Pelé
O mais fenomenal jogador de todos os tempos exibe uma biografia esportiva que dificilmente um dia será igualada no competitivo mundo do futebol
Com as vaias ainda reverberando na cabeça, o menino de 15 anos arruma os pertences na mala puída e abandona os alojamentos da Vila Belmiro, decidido a deixar o futebol e voltar para junto da família. Na véspera, atuando pelos juvenis do Santos, errara um pênalti nos minutos finais da decisão, entregando ao Jabaquara o título de campeão da cidade.
Treze anos depois, em 19 de novembro de 1969, o menino vê-se novamente diante da marca do pênalti. O Estádio Maracanã lotado silencia. O único som audível é a respiração tensa do jogador. Ele recorda então a penalidade máxima desperdiçada e a tentativa frustrada de fuga empreendida anos antes, que quase lhe custara a carreira, e sente-se mais tranqüilo. Toma coragem, corre e desfere um chute potente. O goleiro do Vasco salta certo, mas não alcança a bola. A massa de repórteres e torcedores invade o campo e carrega o herói sobre os ombros. Edson Arantes do Nascimento, o Pelé, acaba de marcar seu milésimo gol.

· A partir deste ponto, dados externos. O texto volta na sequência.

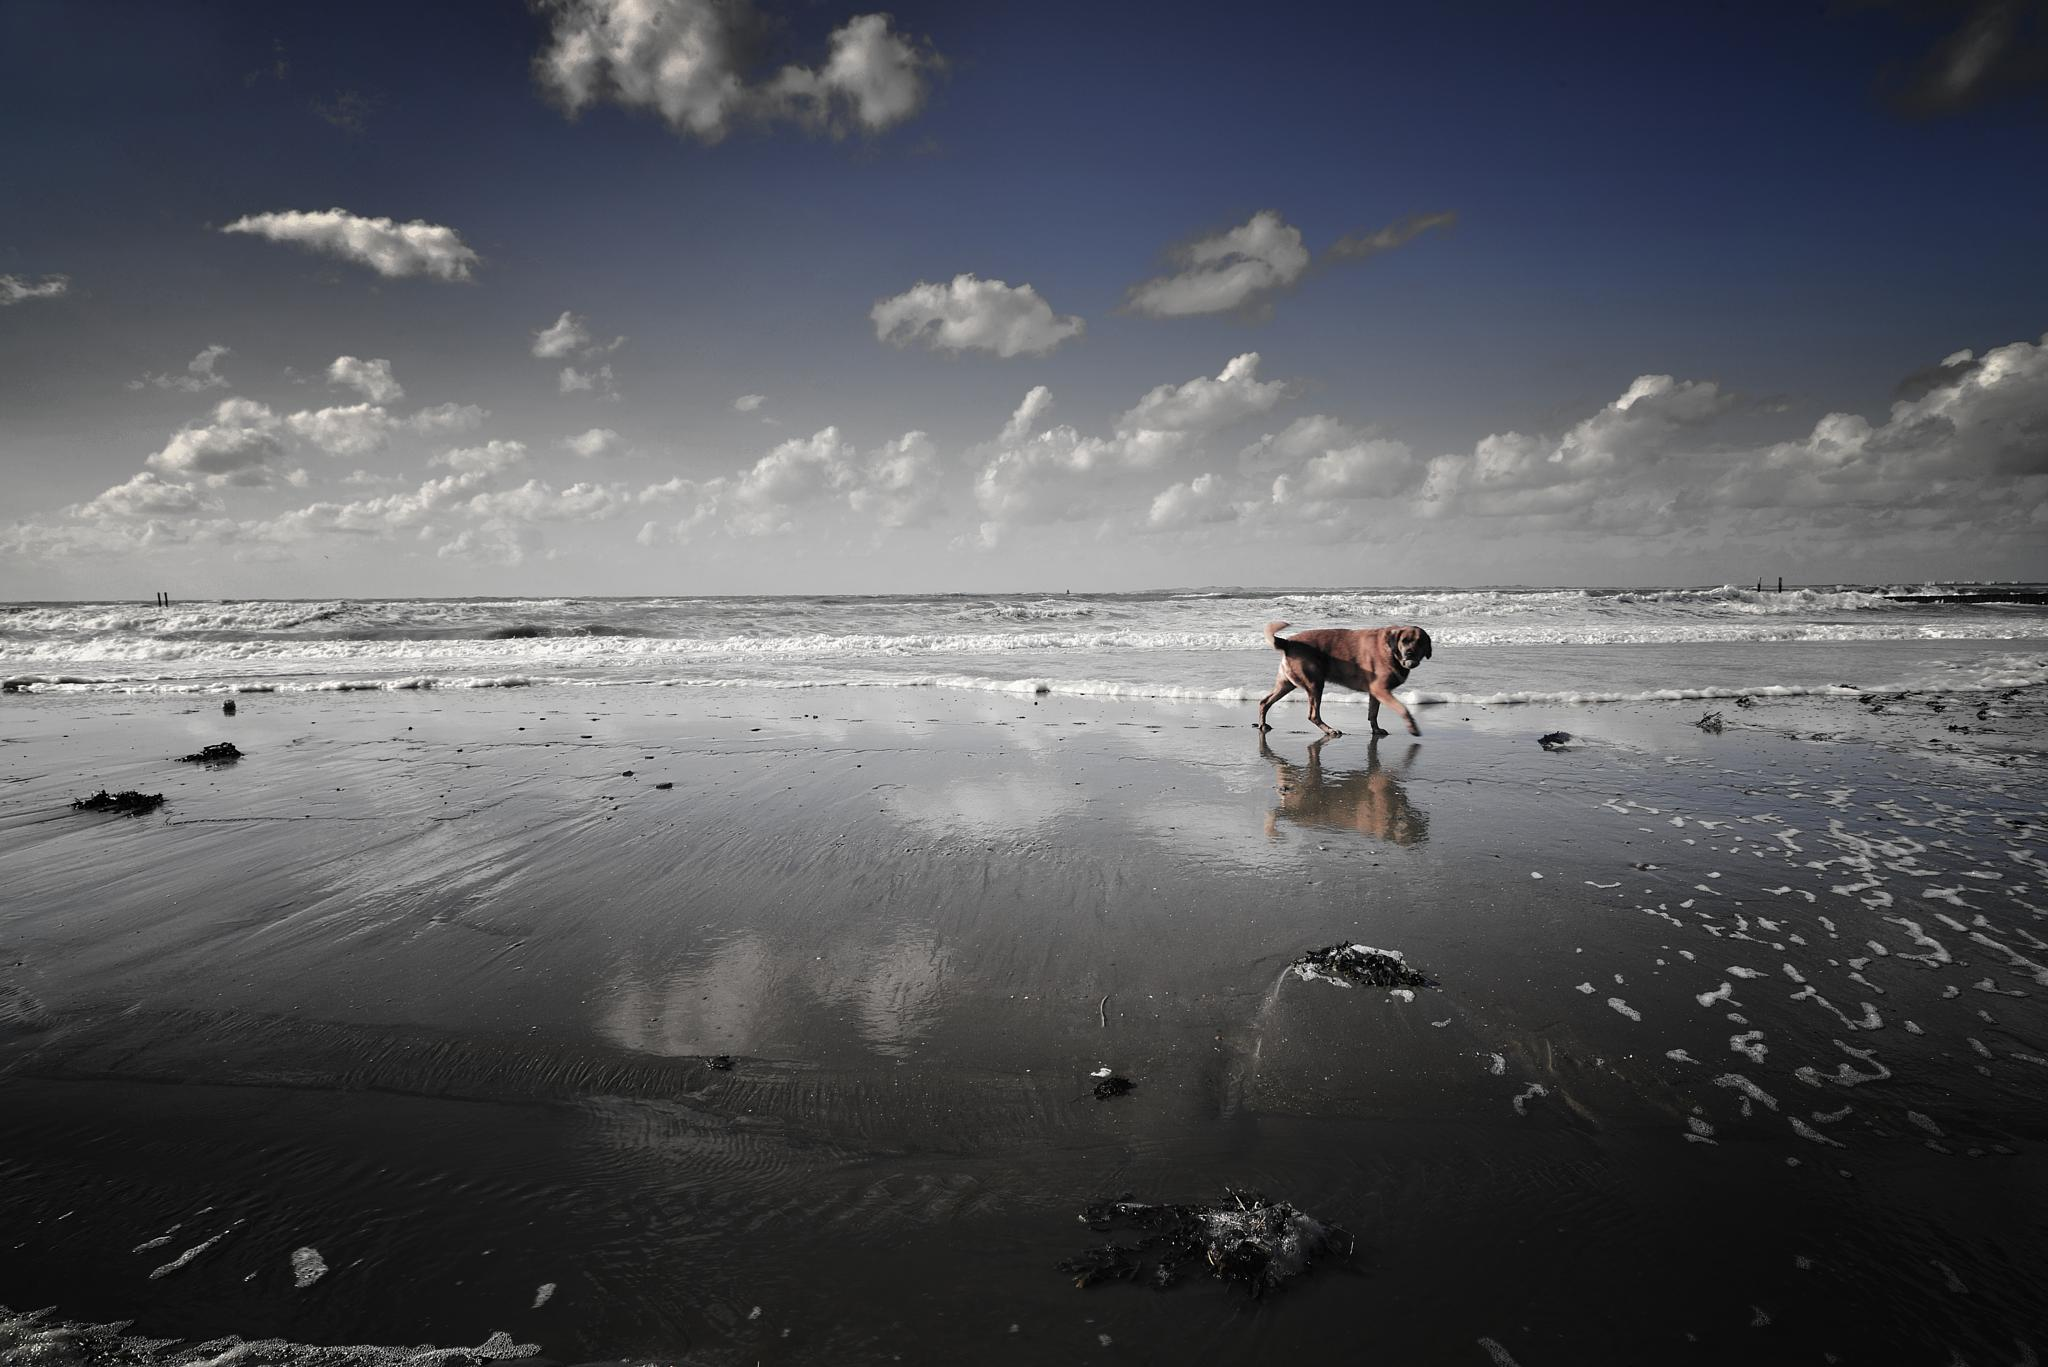 Alone  by Rudi.Fonteijne

Entre um pênalti e outro, o garoto de Três Corações (MG) tornara-se o maior fenômeno da história do esporte. Antes dos 16 anos, já era titular do Santos. Aos 17, vencia a primeira Copa do Mundo atuando pela Seleção Brasileira. Aos 22, alcançava a marca de 500 gols (a que Romário, por exemplo, só chegou aos 31). Até abandonar os gramados, em 1977, atuando pelo Cosmos de Nova York, Pelé foi o protagonista de uma trajetória superlativa: contabilizou 1.284 gols oficiais (quase um por jogo), 59 títulos e três campeonatos mundiais pela Seleção. Mais que um jogador de futebol, Pelé foi um mito. A imagem do camisa 10 dando um soco no ar é uma das marcas registradas do século 20.
Nunca houve um brasileiro de tamanha projeção. Para que o Santos pudesse jogar na Nigéria, em 1969, uma trégua foi acertada na guerra civil em Biafra. Noutra ocasião, em Nova York, a multidão cercou o jogador para pedir autógrafos. Ao seu lado, o ator Robert Redford, ignorado pelo público, espantou-se:
Puxa, homem, como você é popular!
Pelé tornou-se uma celebridade recebida por presidentes, papas e reis porque driblava curto e em velocidade, tinha visão periférica, passe preciso, equilíbrio perfeito, chutava forte, saltava alto e cabeceava com os olhos abertos. Na final da Copa de 1970, vencida pelo Brasil, o jogador Tarcisio Burgnich recebeu a incumbência de marcar esse fenômeno. Tentou convencer-se de que a missão era possível:
Pensei: ele é de carne e osso como eu. Eu estava enganado.